ANYWAY, according to the rules of the game I dreamt up for my not-necessarily-alcohol drinking game, Mr Justice’s award for “doing his personal best in all activities” would surely give me license to down the whole flask. Surely. 

So yes, this was the second assembly I’d ever attended and, since it had my “An Assembly to Remember” experience as its one and only precedent, it was never going to quite live up to expectations. There were a few small highlights (or lowlights – depending on your inclinations):

  • The Pixie sat and drew pictures in my notebook, but every time the principal stopped talking, all that could be heard throughout the hall was her usual singsong chatter, which goes a little like this: “Shibby-shibby-shibby.

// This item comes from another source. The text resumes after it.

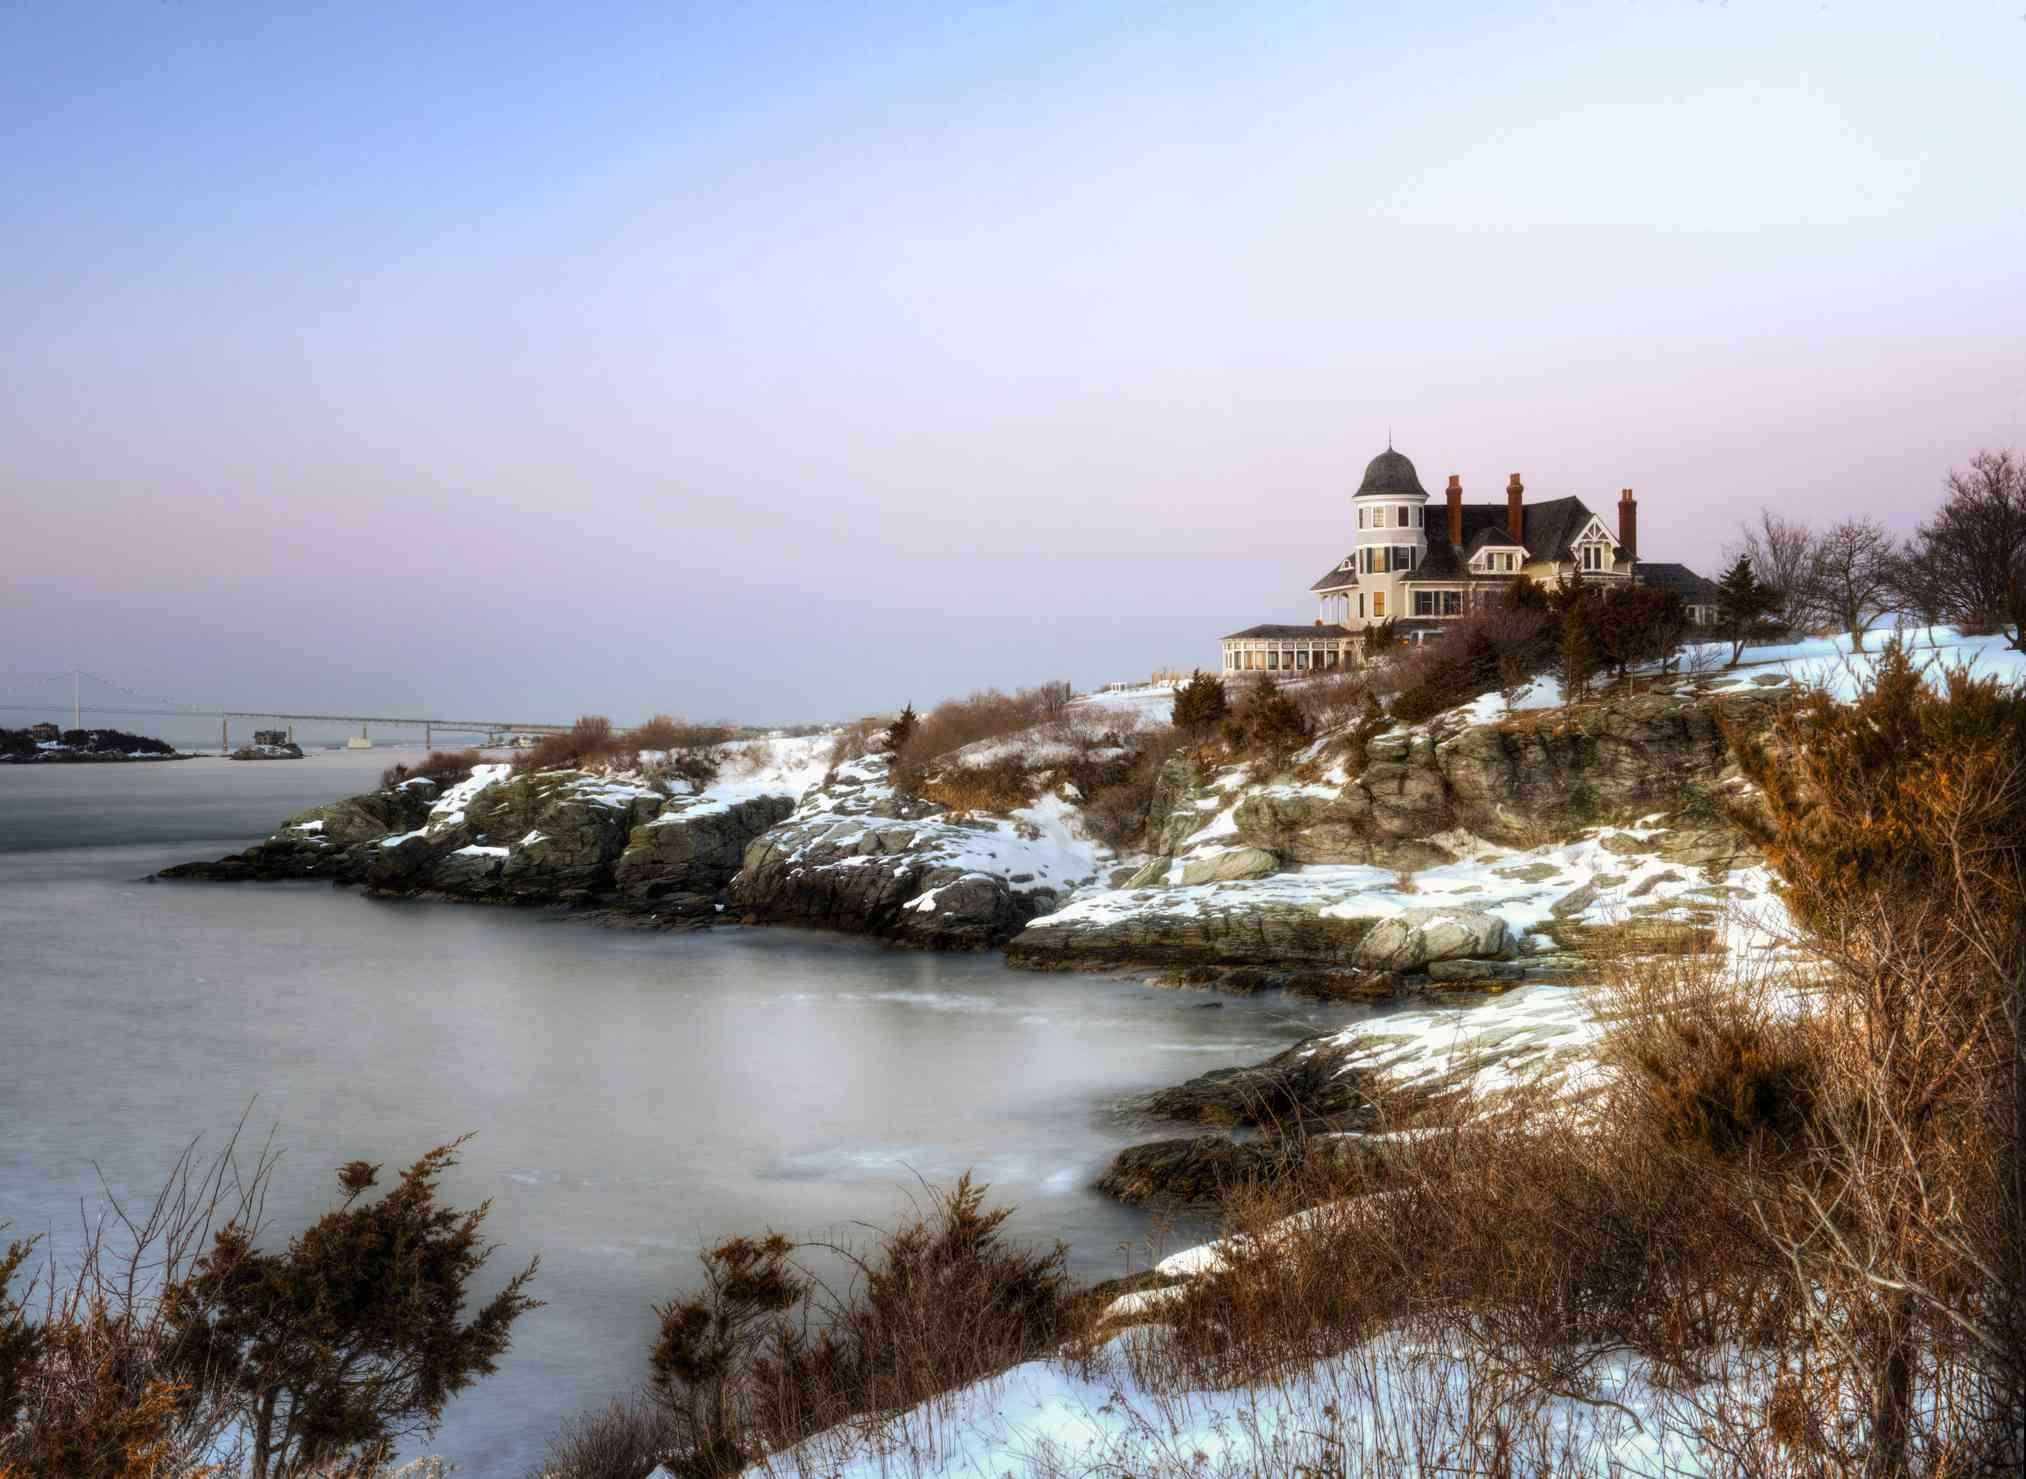 Castle Hill Inn along the snow covered shore, Newport Rhode Island

Shibby-shibby-shibby.“.
  • Mr McGee seemed perpetually on the verge of spraying his drink bottle champagne-style all over the sixth graders sitting at our feet. And by the looks of how much Product they had in their hair, that was going to cause a Situation.
  • I horrified everyone (including myself) when I actually sang full-voice during the National Anthem – obviously that’s considered to be an Assembly No-No and positively Un-Australian from the number of people who turned to look my way. Next time I’ll just mumble it unenthusiastically with the rest of them. 

Still, despite these minor incidents, it was all a bit dull and not really that blog-worthy. Although one could argue that, since it was the first assembly I’d ever sat through where someone didn’t take their shirt off, it was a Personal Best in terms of my ability to endure such events. And the fact that we got out of there and made my doctor’s appointment on time would also mean another Personal Best, this time in the area of Punctuality and Back-to-Back Scheduling.

And then, during my doctor’s appointment, I managed to successfully avert another Situation by distracting a small person who was twitching the curtain and wanting to see what Mummy was doing behind it – and, if you really need to know, Mummy was having a pap smear. So yes, another Personal Best – in the area of Not Scarring Your Child For Life. 

And I even managed to negotiate my way out of the McDonalds Proximity Clause (according to my children, if you are parked less than 50m from a McDonalds, you have to buy something there – it’s “The Law”) and drove home junk-food free but with yet one more Personal Best under my belt. 

And we made it all the way to 11:34am without turning on the television. Another Personal Best – this time for a Monday morning where I’d had to sit through Assembly without the assistance of alcohol, have an invasive screening procedure conducted on me with small children in the room and side-step contractual obligations to fill my children’s stomaches with pig fat. 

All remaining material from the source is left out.